*** Opening of Material provided ***

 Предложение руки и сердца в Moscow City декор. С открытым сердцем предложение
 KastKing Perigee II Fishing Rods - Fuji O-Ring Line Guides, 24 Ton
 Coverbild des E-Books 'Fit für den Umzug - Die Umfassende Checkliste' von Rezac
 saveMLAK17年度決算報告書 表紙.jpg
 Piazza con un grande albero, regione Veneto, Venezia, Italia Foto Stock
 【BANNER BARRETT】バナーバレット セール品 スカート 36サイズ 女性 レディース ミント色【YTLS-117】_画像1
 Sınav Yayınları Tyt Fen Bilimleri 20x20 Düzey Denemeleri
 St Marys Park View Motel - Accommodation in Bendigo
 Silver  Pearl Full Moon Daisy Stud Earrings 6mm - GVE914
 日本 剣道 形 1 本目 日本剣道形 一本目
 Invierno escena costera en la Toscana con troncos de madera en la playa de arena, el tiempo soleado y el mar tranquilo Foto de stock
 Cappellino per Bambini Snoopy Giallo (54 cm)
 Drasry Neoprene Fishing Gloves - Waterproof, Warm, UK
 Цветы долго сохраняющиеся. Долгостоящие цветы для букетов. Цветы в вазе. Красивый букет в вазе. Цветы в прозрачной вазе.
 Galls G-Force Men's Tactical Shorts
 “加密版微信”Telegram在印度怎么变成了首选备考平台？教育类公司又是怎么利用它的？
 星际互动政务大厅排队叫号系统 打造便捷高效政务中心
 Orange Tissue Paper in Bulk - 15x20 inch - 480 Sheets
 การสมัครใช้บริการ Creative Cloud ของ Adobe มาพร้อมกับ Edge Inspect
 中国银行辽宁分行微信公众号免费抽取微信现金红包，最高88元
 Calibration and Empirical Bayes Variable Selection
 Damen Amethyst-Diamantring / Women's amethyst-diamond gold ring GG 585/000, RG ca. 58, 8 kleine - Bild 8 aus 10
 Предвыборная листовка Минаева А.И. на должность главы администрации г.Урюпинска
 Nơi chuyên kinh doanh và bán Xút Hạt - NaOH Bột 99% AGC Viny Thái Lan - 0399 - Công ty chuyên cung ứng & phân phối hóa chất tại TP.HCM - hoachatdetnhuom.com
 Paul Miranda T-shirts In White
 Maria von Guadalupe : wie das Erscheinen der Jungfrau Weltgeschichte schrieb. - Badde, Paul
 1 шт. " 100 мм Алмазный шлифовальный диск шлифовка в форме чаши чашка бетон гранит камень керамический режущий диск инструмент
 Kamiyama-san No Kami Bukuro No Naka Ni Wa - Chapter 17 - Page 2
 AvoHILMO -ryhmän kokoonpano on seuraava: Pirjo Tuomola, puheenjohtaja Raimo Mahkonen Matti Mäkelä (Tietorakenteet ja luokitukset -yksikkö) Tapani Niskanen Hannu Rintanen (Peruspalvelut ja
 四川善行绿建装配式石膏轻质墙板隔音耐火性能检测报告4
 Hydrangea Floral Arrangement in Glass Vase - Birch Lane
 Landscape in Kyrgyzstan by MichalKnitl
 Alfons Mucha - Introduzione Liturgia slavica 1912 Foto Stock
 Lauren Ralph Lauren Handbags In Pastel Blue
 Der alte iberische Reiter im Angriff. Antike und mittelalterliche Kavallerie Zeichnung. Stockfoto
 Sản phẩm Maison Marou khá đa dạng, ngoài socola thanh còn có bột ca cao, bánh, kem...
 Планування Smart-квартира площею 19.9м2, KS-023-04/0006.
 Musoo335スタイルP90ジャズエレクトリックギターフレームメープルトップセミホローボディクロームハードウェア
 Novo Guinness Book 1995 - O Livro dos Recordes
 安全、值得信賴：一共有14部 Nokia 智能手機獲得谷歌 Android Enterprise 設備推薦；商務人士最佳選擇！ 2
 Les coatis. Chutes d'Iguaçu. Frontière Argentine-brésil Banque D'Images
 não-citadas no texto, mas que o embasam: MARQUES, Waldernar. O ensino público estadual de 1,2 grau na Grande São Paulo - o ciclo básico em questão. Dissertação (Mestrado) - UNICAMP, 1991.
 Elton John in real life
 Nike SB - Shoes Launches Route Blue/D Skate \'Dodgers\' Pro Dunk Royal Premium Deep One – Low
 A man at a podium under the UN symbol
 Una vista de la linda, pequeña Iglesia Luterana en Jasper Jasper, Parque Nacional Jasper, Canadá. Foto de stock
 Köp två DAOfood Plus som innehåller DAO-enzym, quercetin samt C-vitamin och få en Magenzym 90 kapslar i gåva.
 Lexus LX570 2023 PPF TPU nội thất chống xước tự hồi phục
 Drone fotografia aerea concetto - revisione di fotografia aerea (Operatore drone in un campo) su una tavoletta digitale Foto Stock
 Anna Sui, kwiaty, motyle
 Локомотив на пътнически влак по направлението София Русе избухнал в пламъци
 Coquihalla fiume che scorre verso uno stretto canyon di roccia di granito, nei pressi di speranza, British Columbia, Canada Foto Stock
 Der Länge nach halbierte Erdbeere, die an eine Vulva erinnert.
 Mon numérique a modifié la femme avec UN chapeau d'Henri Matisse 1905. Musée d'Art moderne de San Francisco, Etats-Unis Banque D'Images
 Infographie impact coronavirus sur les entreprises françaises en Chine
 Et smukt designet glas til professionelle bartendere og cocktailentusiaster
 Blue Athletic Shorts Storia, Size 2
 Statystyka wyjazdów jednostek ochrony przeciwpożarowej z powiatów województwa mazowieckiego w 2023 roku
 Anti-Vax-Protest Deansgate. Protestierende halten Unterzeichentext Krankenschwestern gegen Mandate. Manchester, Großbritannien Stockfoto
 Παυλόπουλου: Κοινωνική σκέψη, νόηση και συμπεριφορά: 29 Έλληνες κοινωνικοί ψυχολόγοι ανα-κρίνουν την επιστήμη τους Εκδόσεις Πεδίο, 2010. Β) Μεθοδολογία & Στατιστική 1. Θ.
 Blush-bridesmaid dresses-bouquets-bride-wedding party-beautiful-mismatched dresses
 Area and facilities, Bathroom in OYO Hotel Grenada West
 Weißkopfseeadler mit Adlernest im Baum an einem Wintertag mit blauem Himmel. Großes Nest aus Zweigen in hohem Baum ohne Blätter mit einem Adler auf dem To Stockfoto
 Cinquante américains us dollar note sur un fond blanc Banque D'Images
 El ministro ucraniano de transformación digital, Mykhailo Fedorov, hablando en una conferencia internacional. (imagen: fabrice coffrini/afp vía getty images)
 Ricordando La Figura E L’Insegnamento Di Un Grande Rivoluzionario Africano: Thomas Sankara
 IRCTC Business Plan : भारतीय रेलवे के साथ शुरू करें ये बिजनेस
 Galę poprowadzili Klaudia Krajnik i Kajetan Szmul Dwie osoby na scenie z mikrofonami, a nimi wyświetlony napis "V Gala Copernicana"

*** Close of Material provided ***

The problem
Copy out, exactly and alone, the lines of the entries above between the ones holding "Damen Amethyst-Diamantring /" and "Nơi chuyên kinh", inclusive.

Written reply
 Damen Amethyst-Diamantring / Women's amethyst-diamond gold ring GG 585/000, RG ca. 58, 8 kleine - Bild 8 aus 10
 Предвыборная листовка Минаева А.И. на должность главы администрации г.Урюпинска
 Nơi chuyên kinh doanh và bán Xút Hạt - NaOH Bột 99% AGC Viny Thái Lan - 0399 - Công ty chuyên cung ứng & phân phối hóa chất tại TP.HCM - hoachatdetnhuom.com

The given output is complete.